• [Input data]
-------

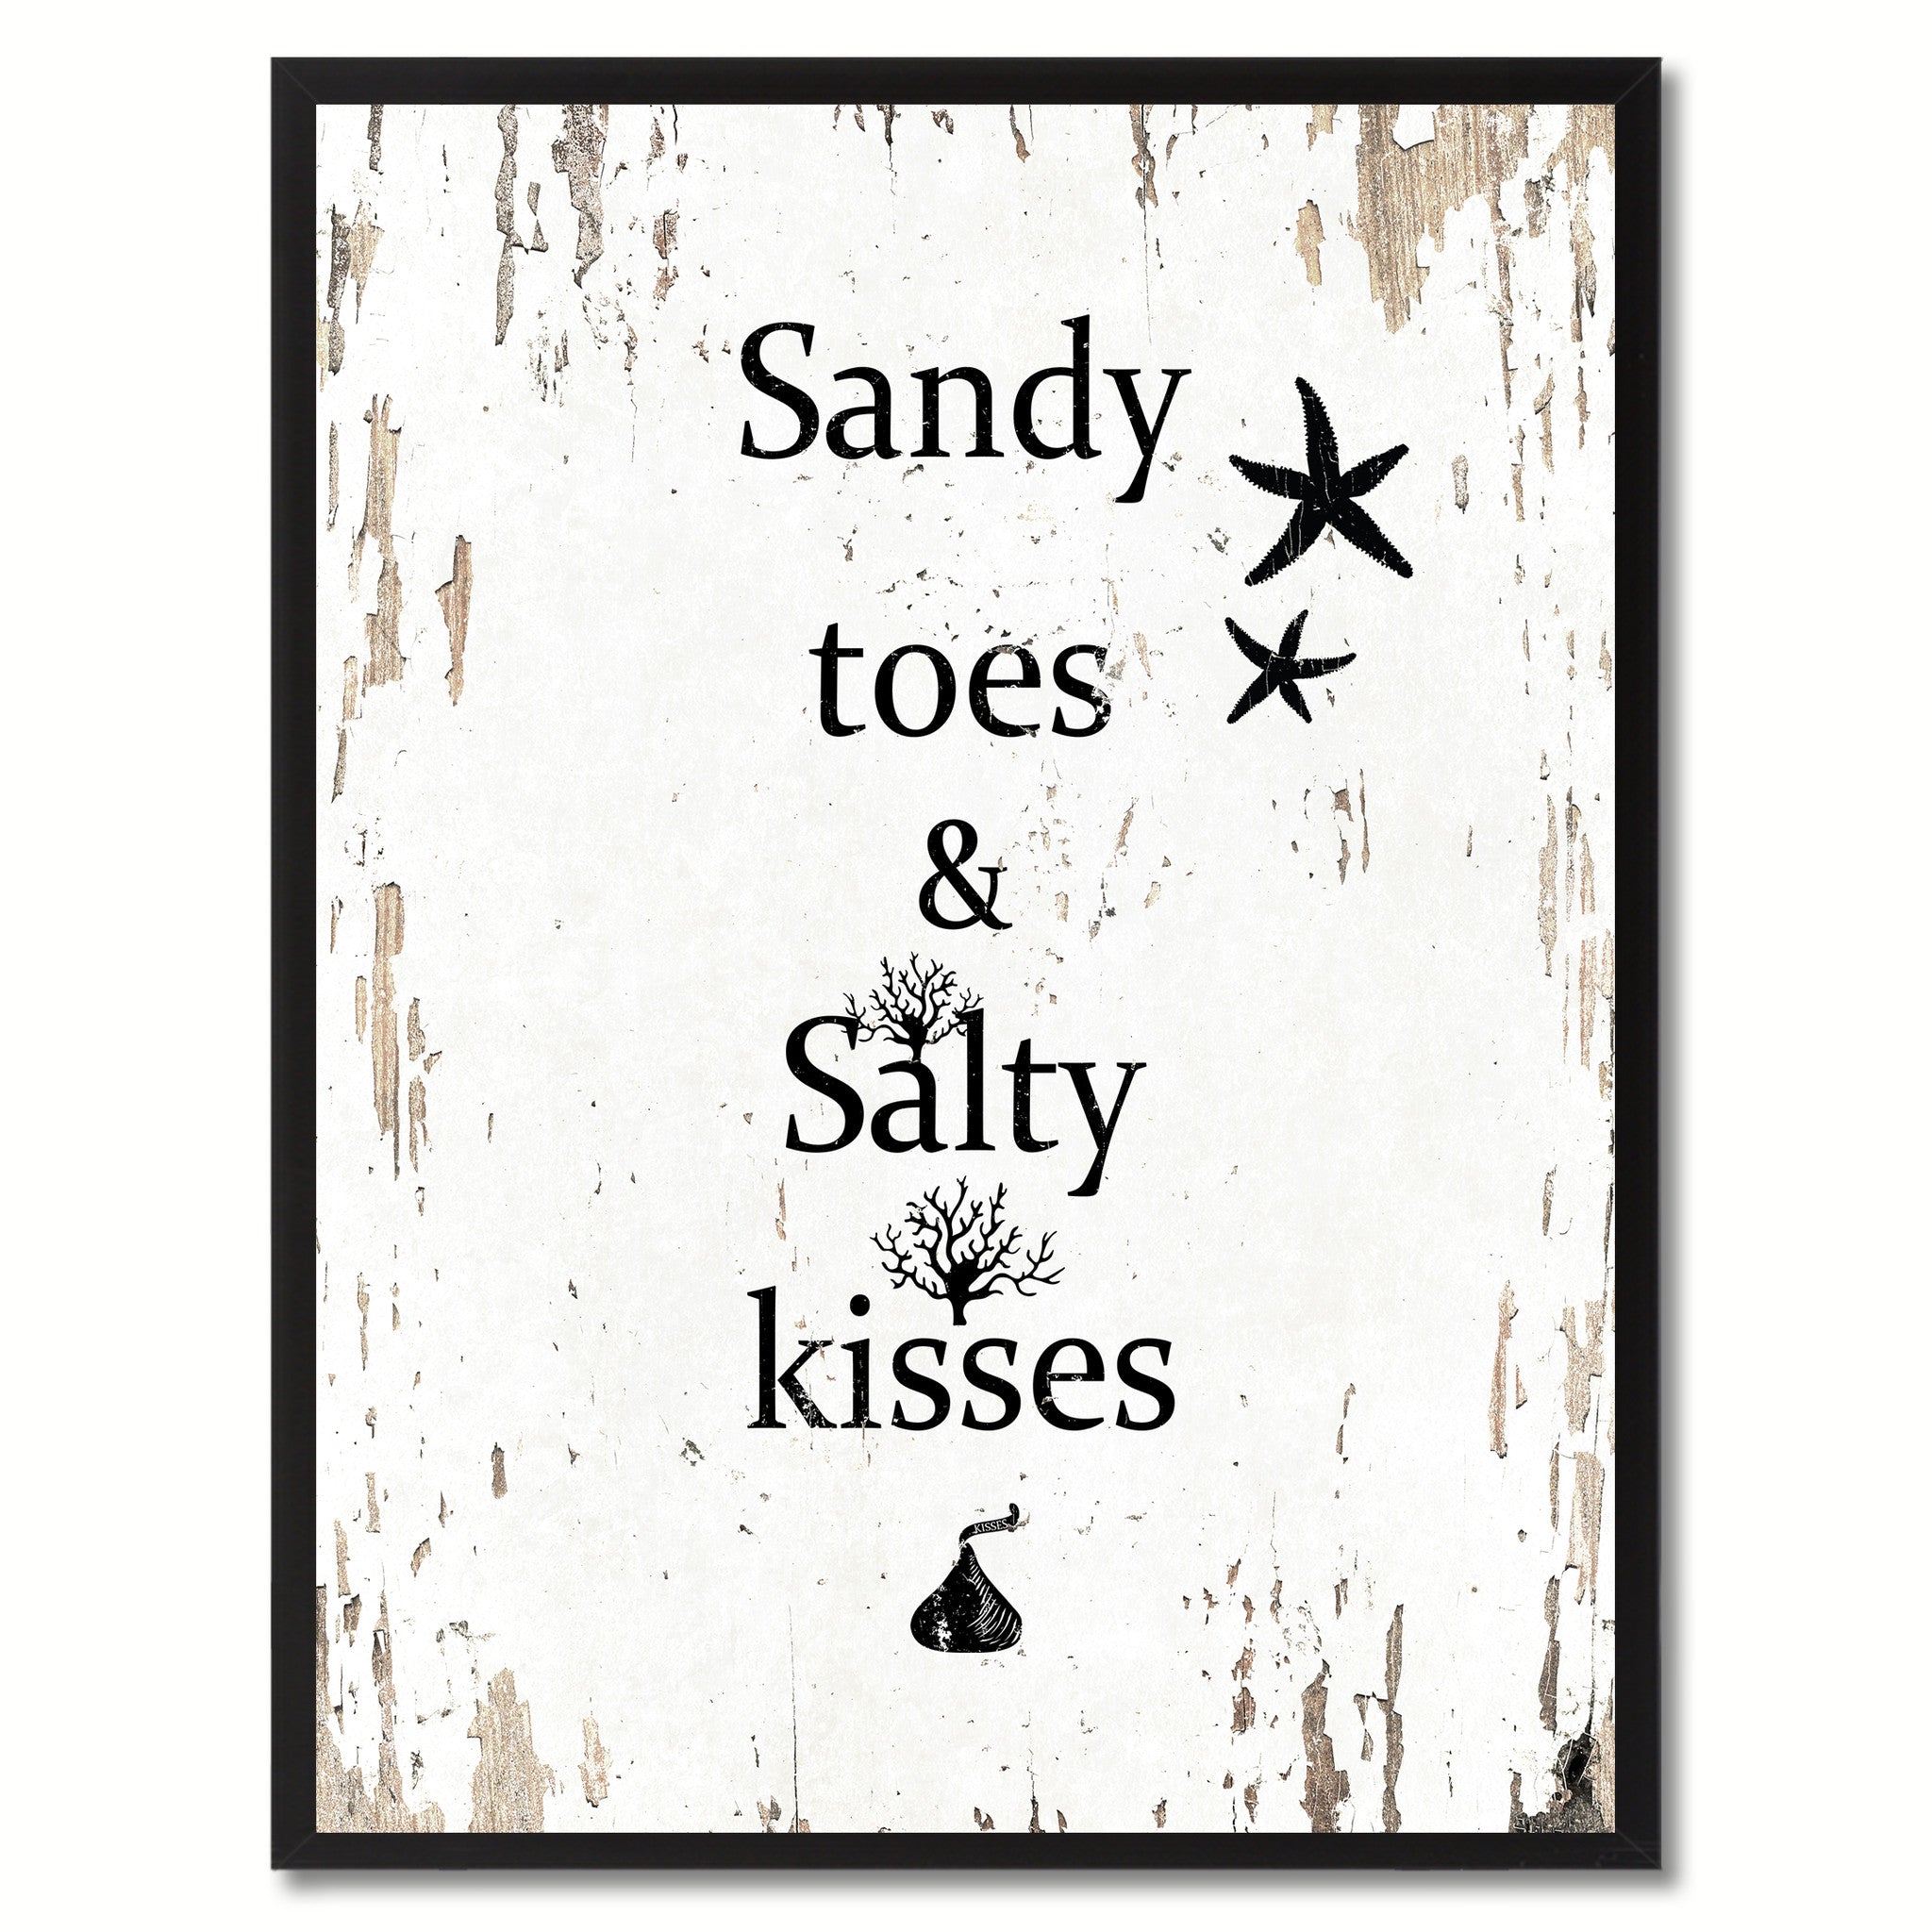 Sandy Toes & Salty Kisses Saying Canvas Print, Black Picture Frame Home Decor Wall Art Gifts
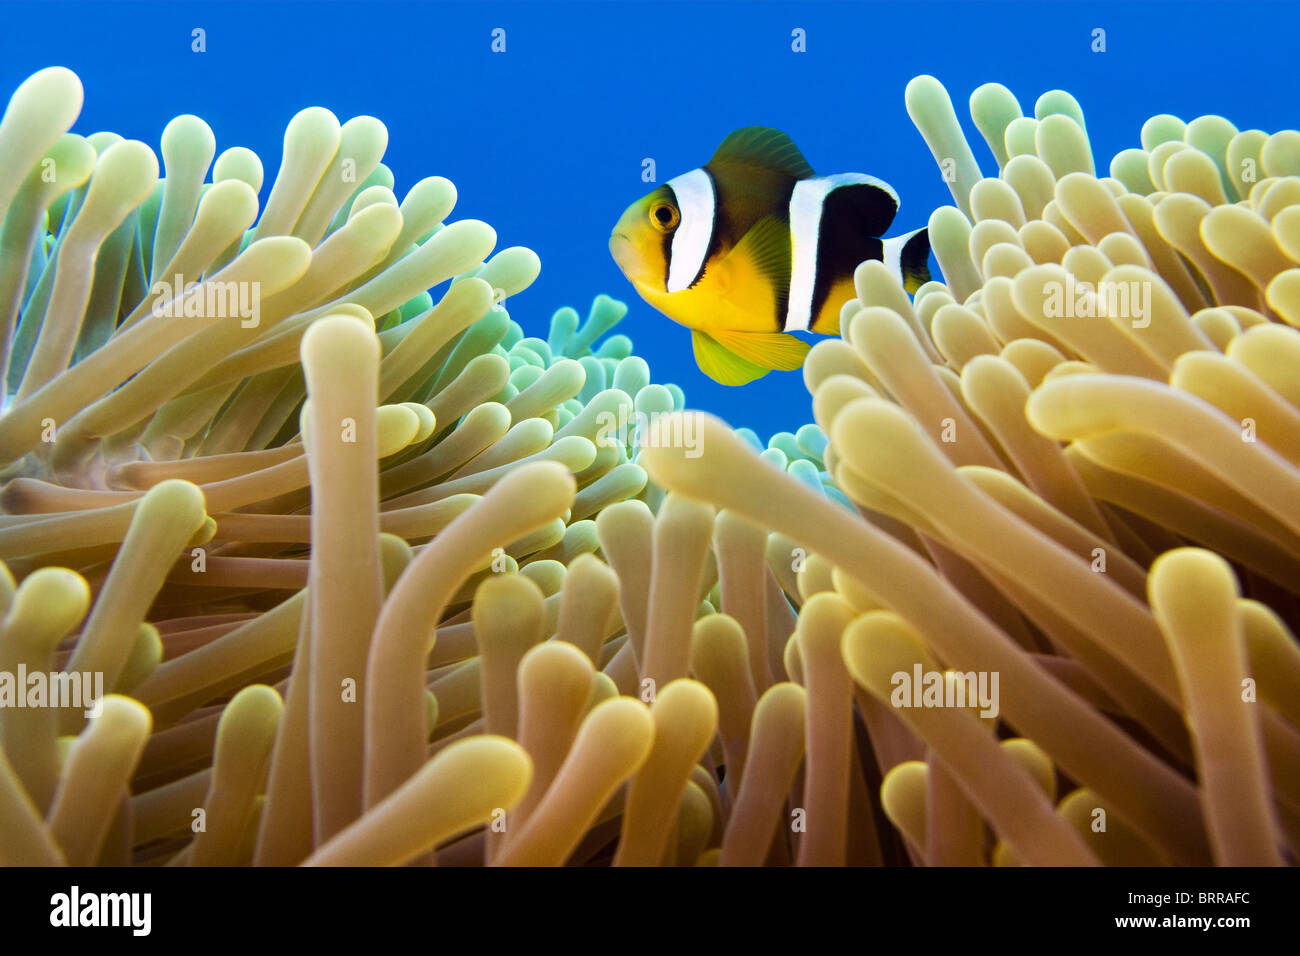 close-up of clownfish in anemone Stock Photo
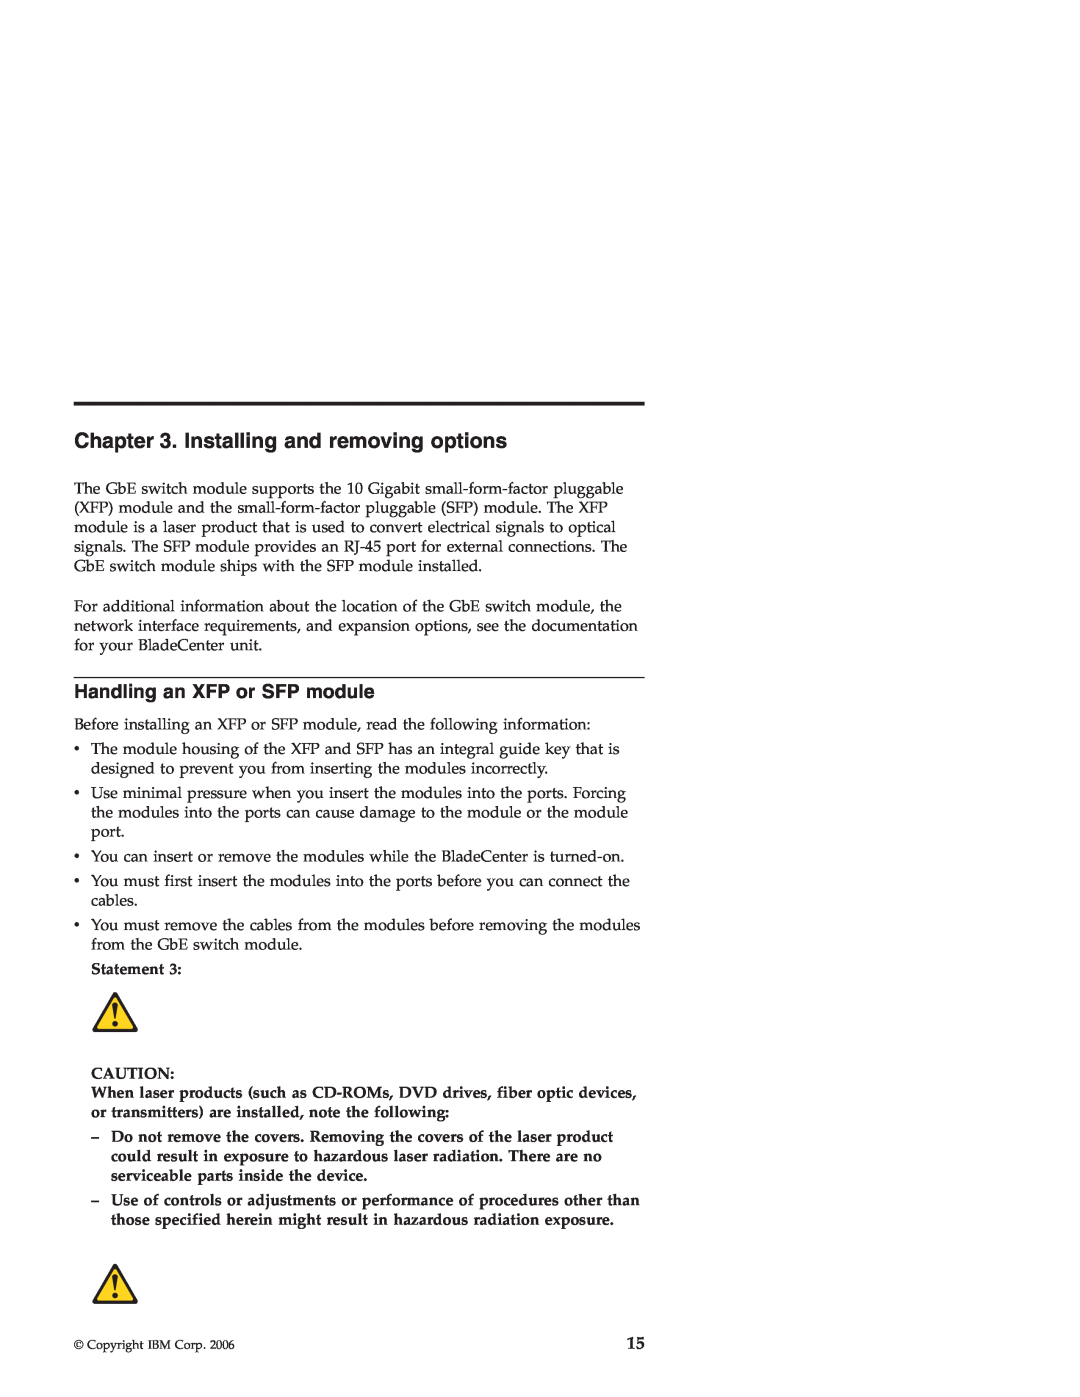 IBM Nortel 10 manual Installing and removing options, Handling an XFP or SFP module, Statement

-------

• [Task]
All of the material above is to be retyped verbatim, with its pictures omitted.

• [Answer to this task]
 Sandy Toes & Salty Kisses Saying Canvas Print, Black Picture Frame Home Decor Wall Art Gifts
 close-up of clownfish in anemone Stock Photo
 IBM Nortel 10 manual Installing and removing options, Handling an XFP or SFP module, Statement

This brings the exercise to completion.